Research Professor, Political Science


Areas of Expertise


  • Dr. Emile Nakhleh is a research professor and director of National Security Programs at UNM.
  • Nakhleh is a retired Senior Intelligence Service Officer, a National Intelligence Council Associate and a member of the Council on Foreign Relations.
  • Since retiring from the US Government, Nakhleh has been consulting with different US government entities on national security issues, particularly Islamic radicalization, terrorism, and the Arab states of the Middle East. He has published frequently on the “Arab Spring” in the Financial Times and on LobeLog.
  • At the CIA, Nakhleh was a senior analyst and director of the Political Islam Strategic Analysis Program and of regional analysis in the Middle East. He was awarded several senior commendations and distinguished medals for his service, including the Distinguished Career Intelligence Medal and the Director’s Medal.
  • Nakhleh's research and publications have focused on political Islam and Muslim world engagement, Islamic radicalization and terrorism in the Middle East and the rest of the Muslim world; state formation in the Middle East; and US policy toward the Middle East and the Muslim world. Dr. Nakhleh has lectured in this country and overseas for many years.
  • He was the first American Senior Fulbright Scholar in the Arab states of the Persian Gulf.
  • Nakhleh holds a Ph.D. from the American University, Washington, D.C., in International Relations, an M.A. from Georgetown University in Political Science, and a B.A. from Saint John’s University, Minnesota, in Political Science.

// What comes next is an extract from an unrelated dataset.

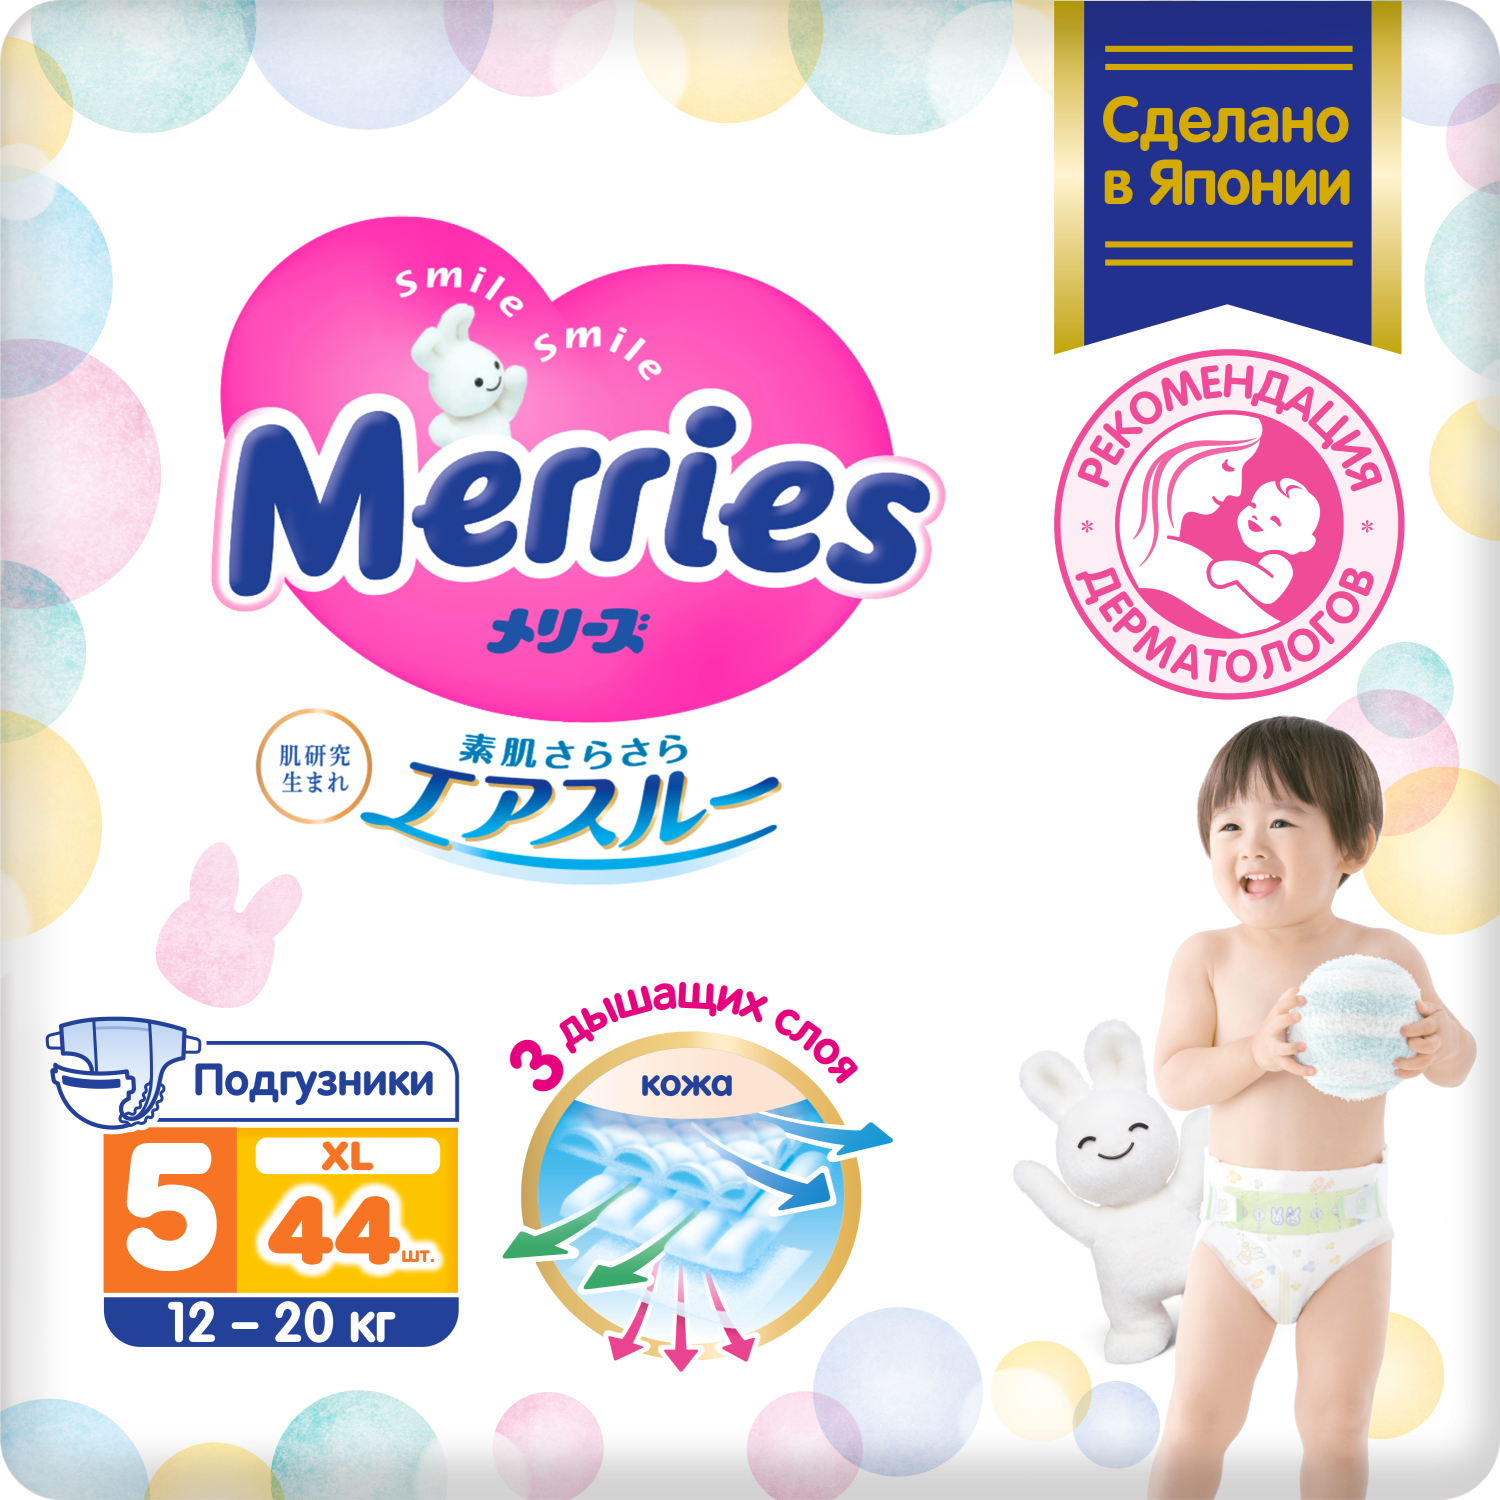 цена Подгузники Merries для детей размер XL 12-20 кг 44 шт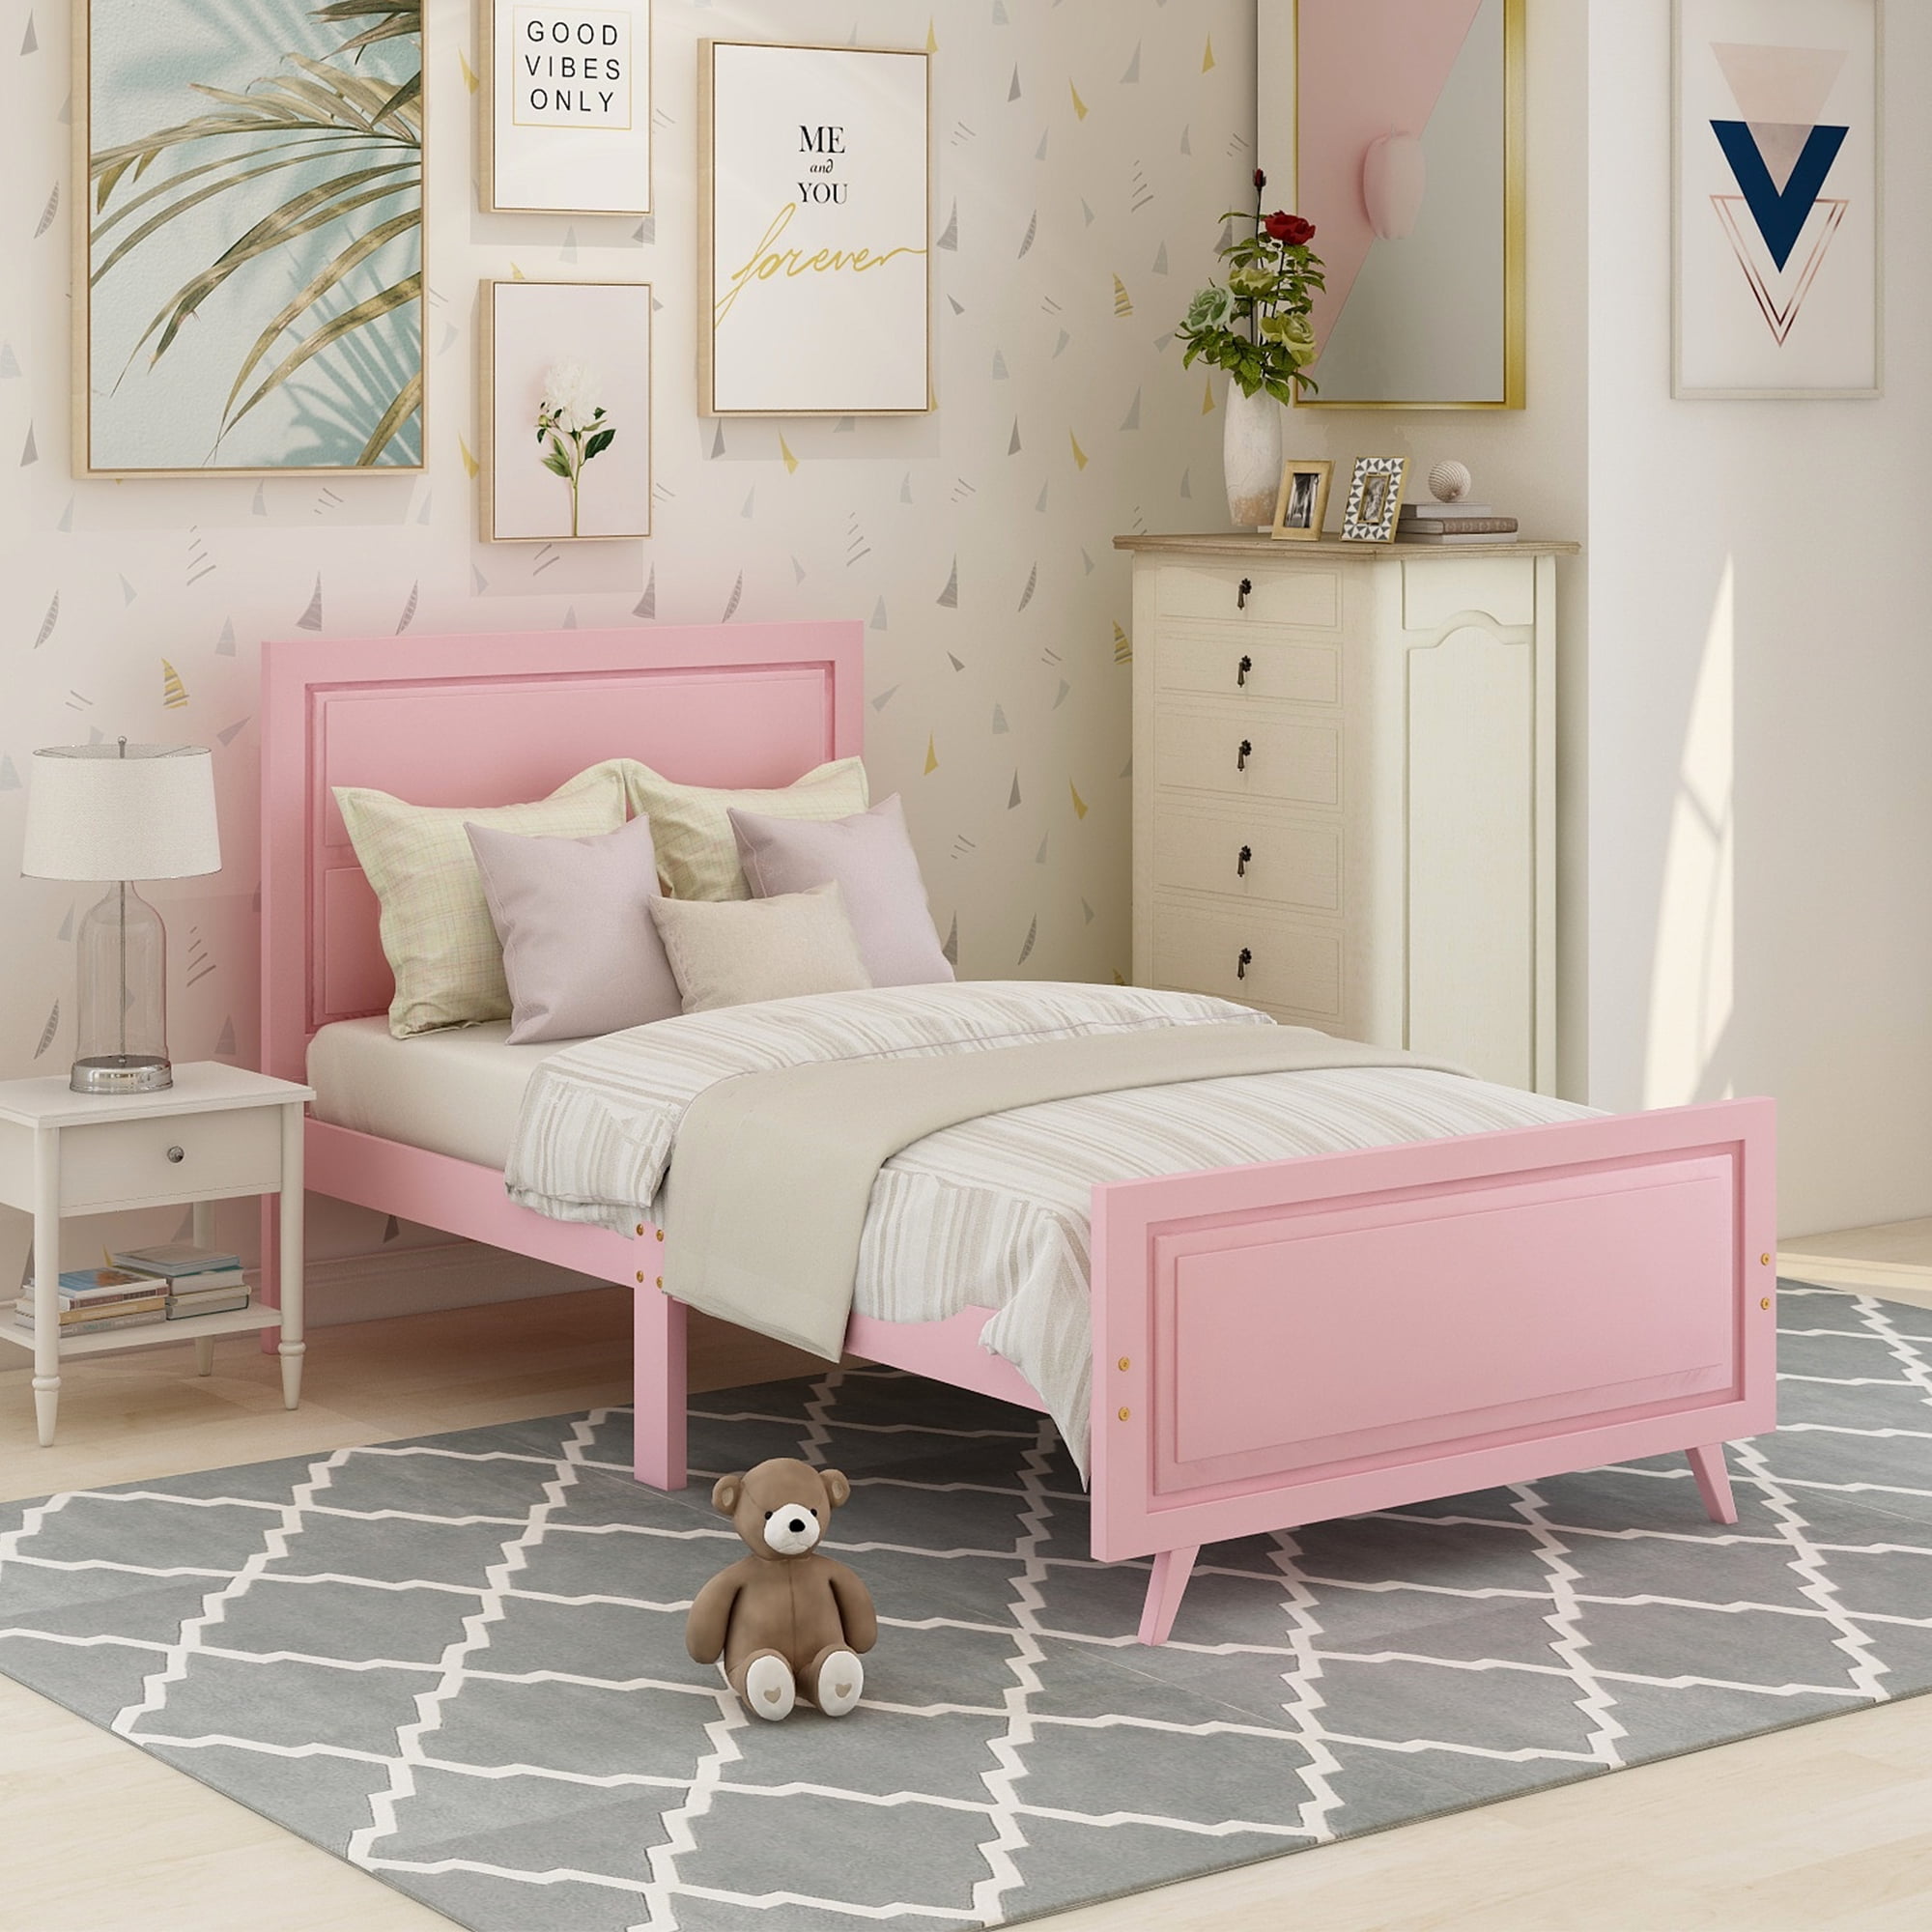 pink single bed frame

Additional areas of interest
Nakhleh is the author of numerous academic books and scholarly articles including A Necessary Engagement: Reinventing America’s Relations with the Muslim World (Princeton University Press, 2009); Bahrain: Political Development in a Modernizing Society (Lexington Books, 2011; originally published in 1976 and translated into Arabic in 2006); “Intelligence Sharing and Co-operation: Opportunities and Pitfalls,” in Steve Tsang, ed., Combating Transnational Terrorism: Searching for a New Paradigm (Praeger, 2009); “Propaganda and Power in the Middle East,” Current History (December 2013). Previous publications include: The Gulf Cooperation Council: Policies, Problems, and Prospects (Praeger, 1986); The Persian Gulf and American Policy (Praeger, 1982); Arab-American Relations in the Persian Gulf (Washington, DC, 1975); and The West Bank and Gaza: Toward the Making of a Palestinian State (Washington, DC, 1979).